The combined message of these busybodies as professional ‘stakeholders’ is that:
l Zimbabwe should not have allowed a spontaneous African land reclamation movement to take land from white settlers without the blessing of a blue-print conceived by experts and funded by donors.
l Zimbabwe cannot hold elections without first bringing in experts to design a voters’ roll, forge a roadmap and define its media policy.
l The status of Zimbabwe’s diamonds on the global market should not be defined by Zimbabwe, its allies and the normal Kimberley Process. Rather it must be defined by foreign-sponsored ‘diamond rights experts’.
lZimbabwe should not hold elections before turning its defence forces into ‘professionals’ who, like consultants and mere technicians, should not be concerned about the close link between security, patriotism and the political direction of the nation and its leadership. This is to say, Zimbabwe should reform its defence forces into a mercenary outfit which will obey anyone who promises the most money and best benefits.
Ivan Illich is an Austrian-born priest, scientist and historian.
He understands the link between capitalist repression through the use of ‘professionals’ on one hand, and the repression carried out by the Catholic church-empire through the use of similar experts and professions in Medieval times.

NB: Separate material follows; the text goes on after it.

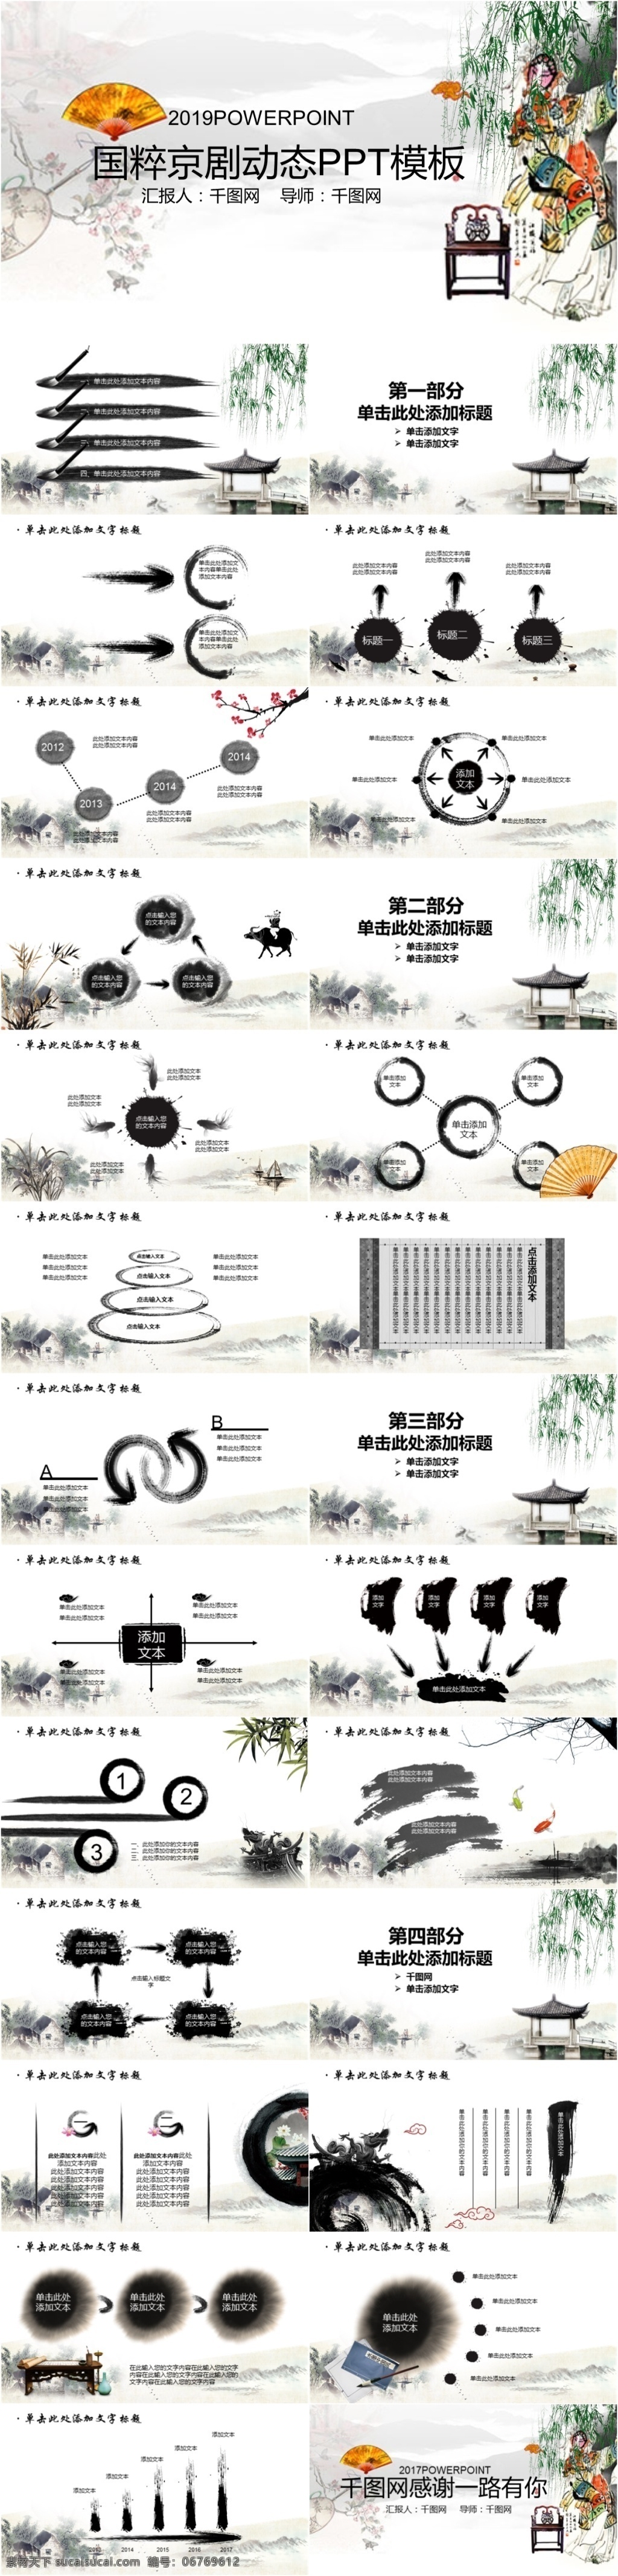 中国 戏剧 文化艺术 国粹 京剧 古典 模板 艺术 ppt模板 通用 创意 简约 大气 教师课件

For 20 years Zimbabwe has been besieged by the desperate fringes of the panicking priesthood of a dying Anglo-Saxon empire.
But the fight against the imperial crusaders is also about ideas.
Therefore our ability to fashion our own language to explain our experience to ourselves is critical.
The desperate fringes of the dying Anglo-Saxon empire must therefore be exposed.
As Illich said, in the face of such an onslaught, the control of language is a war objective.
“(The) mutual dependence (of the empire’s priesthood) as tutor (on the people as) charge has become resistant to analysis because it has been obscured by corrupted language. Good old words have been made into branding irons that claim wardship for (imported) experts over home, shop, store and the space and ether between them. Language, the most fundamental commons, is thus polluted by twisted strands of jargon, each (shard) under the control of (yet) another profession.”
This foul and alien language is everywhere: diamond rights expert, human rights defender, free and fair election, pro-democracy demonstrators, open society initiatives, democratic process, democratic change, transition to democracy, international best practice, universally accepted benchmarks, key stakeholders, the list is endless.